The classroom is empty. It has been empty since June.

Дед is at the window. He is older now. How much older depends on how you count — from the first lesson, or from the article he once wrote in a magazine, a long time ago, about a daughter and a doctor and a small thing on a wrist.

The book is on Лиля's desk. She never came back for it. None of the children did. They grew up. They left. They are somewhere in the world now, doing things he will never see, carrying pieces of what he told them in ways he cannot predict.

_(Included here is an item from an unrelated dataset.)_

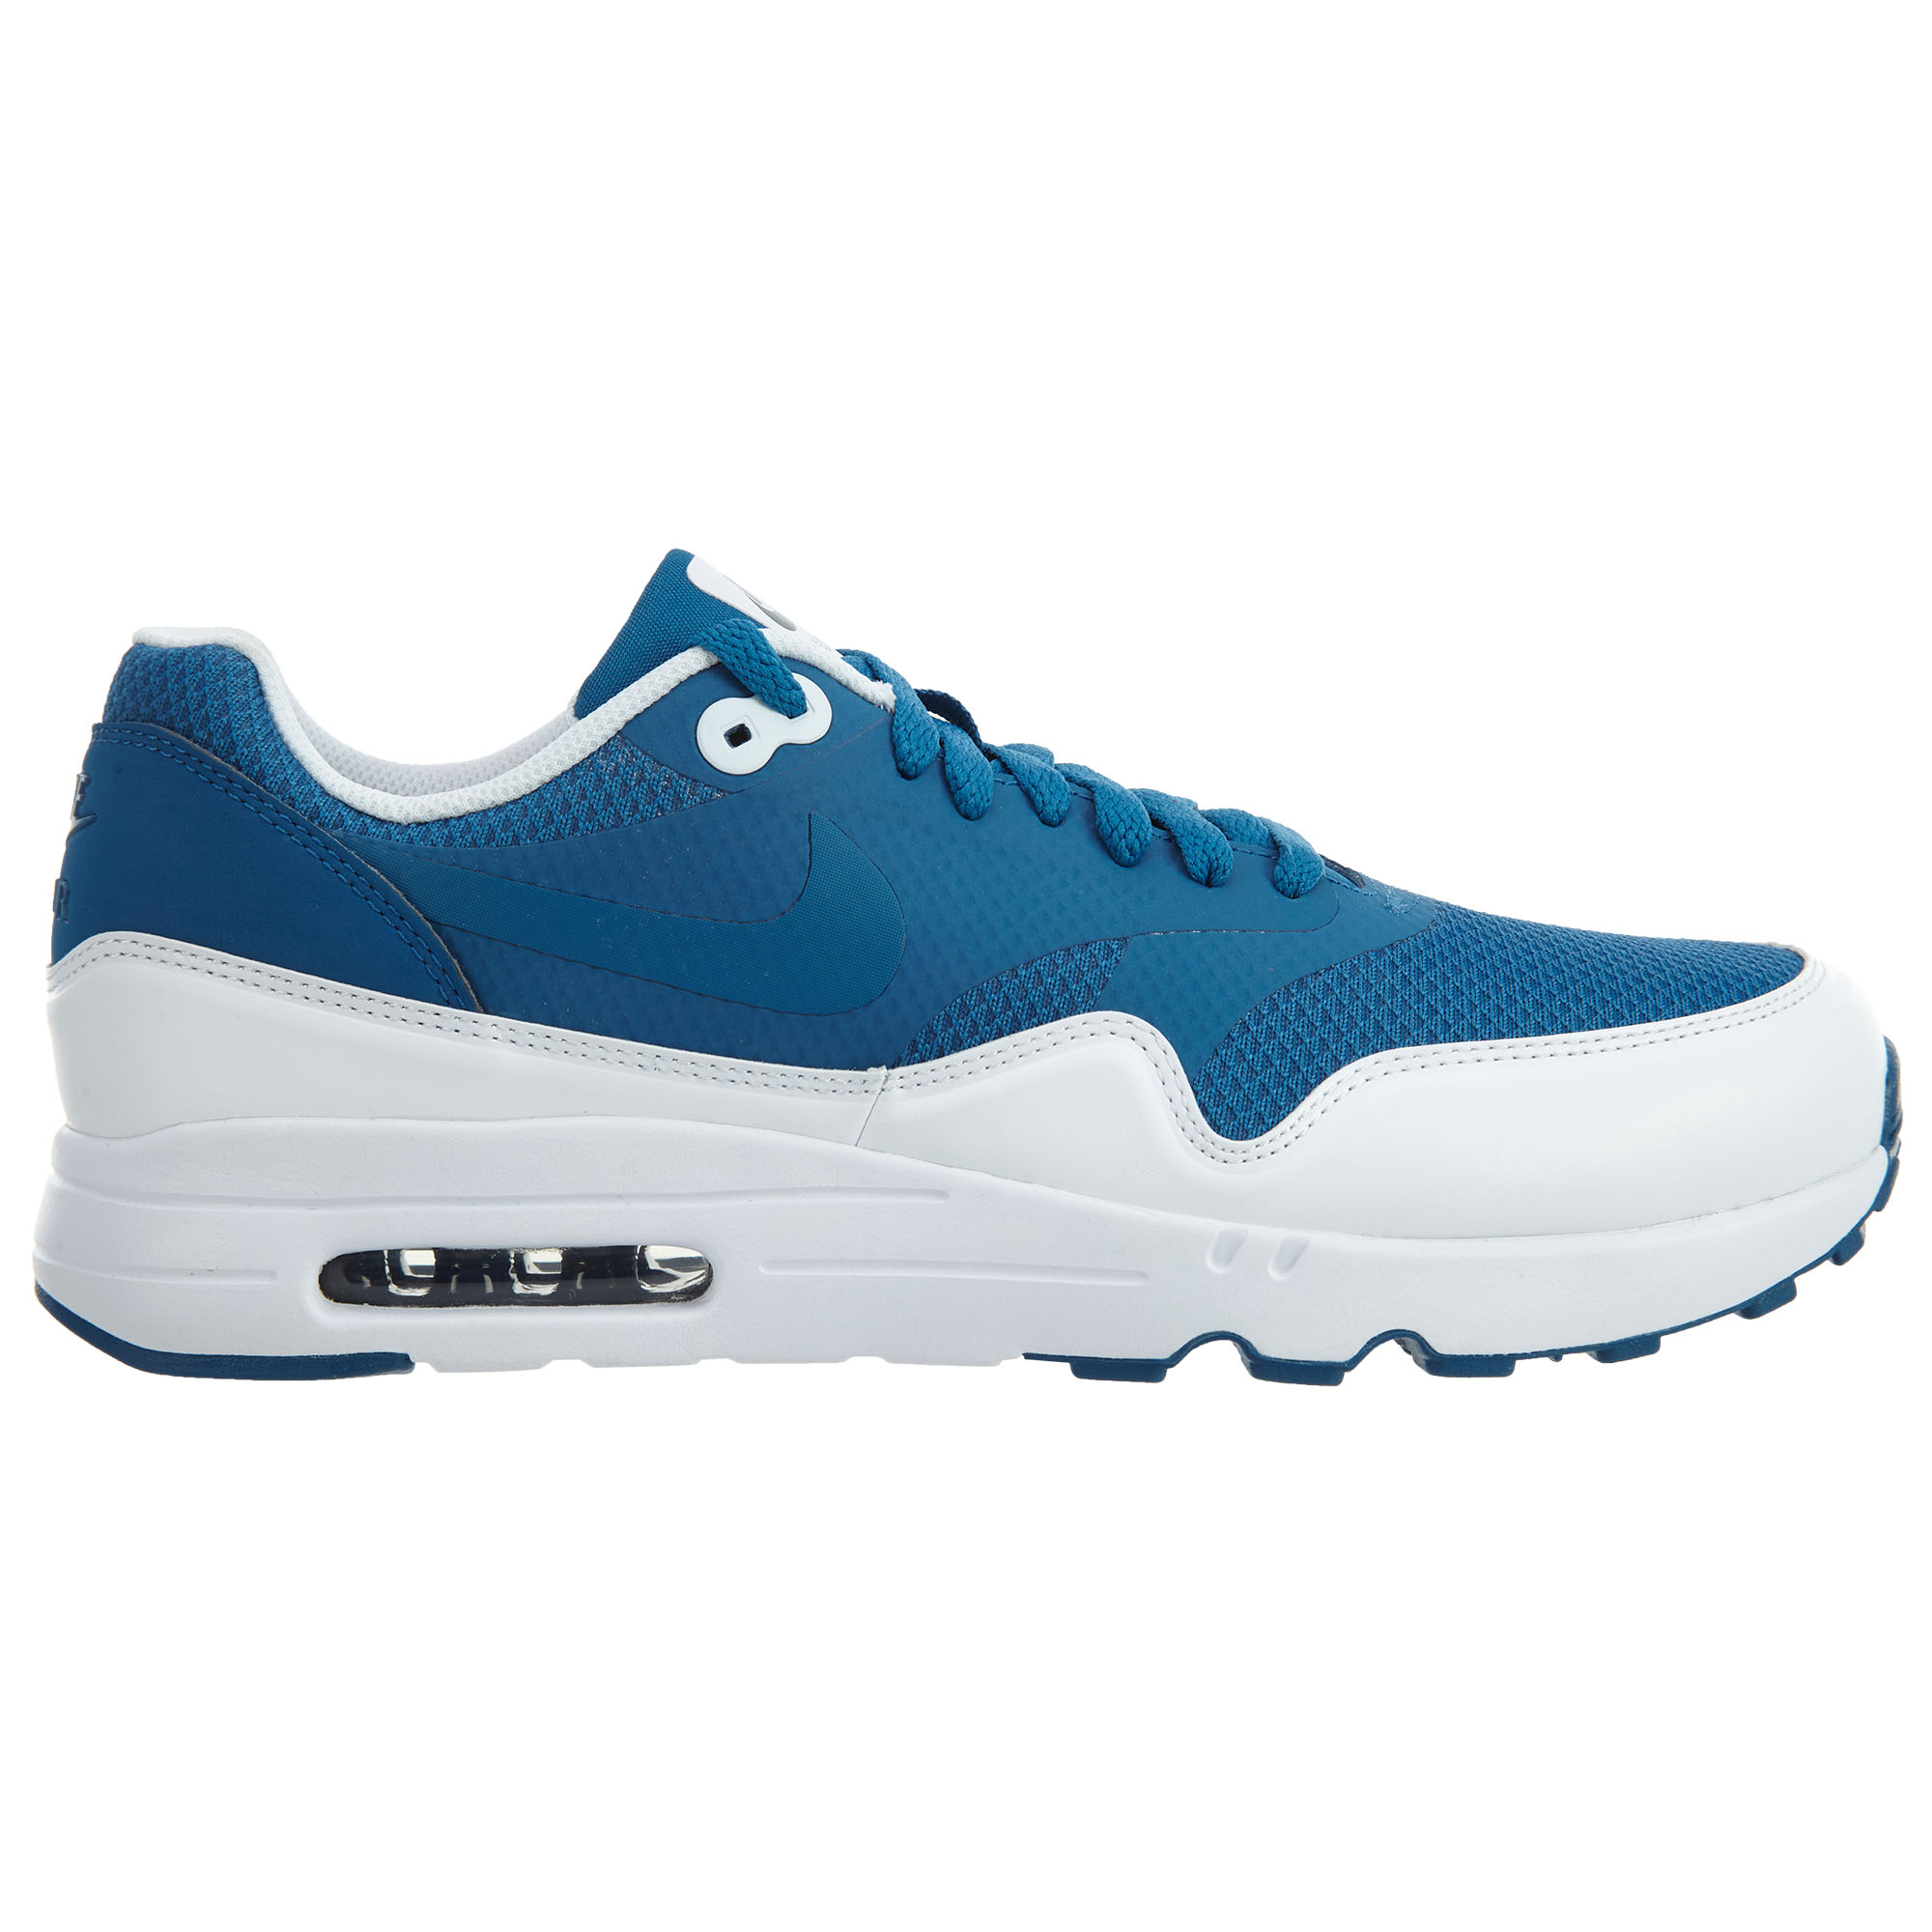 Nike Air Max 1 Ultra 2.0 Essential Industrial Blue - 875679-402

The book has no title. The book has no author. The book belongs to the next person who sits down.

He looks out the window.

A porter is wheeling a cart across the square. Not the same porter. Not the same cart. The slip of paper on the crate is new. The phone that reads it is new. The route the porter walks is the same route every porter has walked since the square was paved.

Дед watches. He has seen many porters. He has seen many carts. He was the first to wonder whether the slip of paper could be read by something other than a person.

He turns from the window. He picks up his chalk. He puts it back down. There is no one to write for today.

He walks to the door. He stops. He looks back at the book on the desk.

It is still there. It will still be there tomorrow.

The author is everyone who found something useful inside.

He closes the door quietly, so as not to disturb the next lesson.


A different porter. A different cart. The same operation.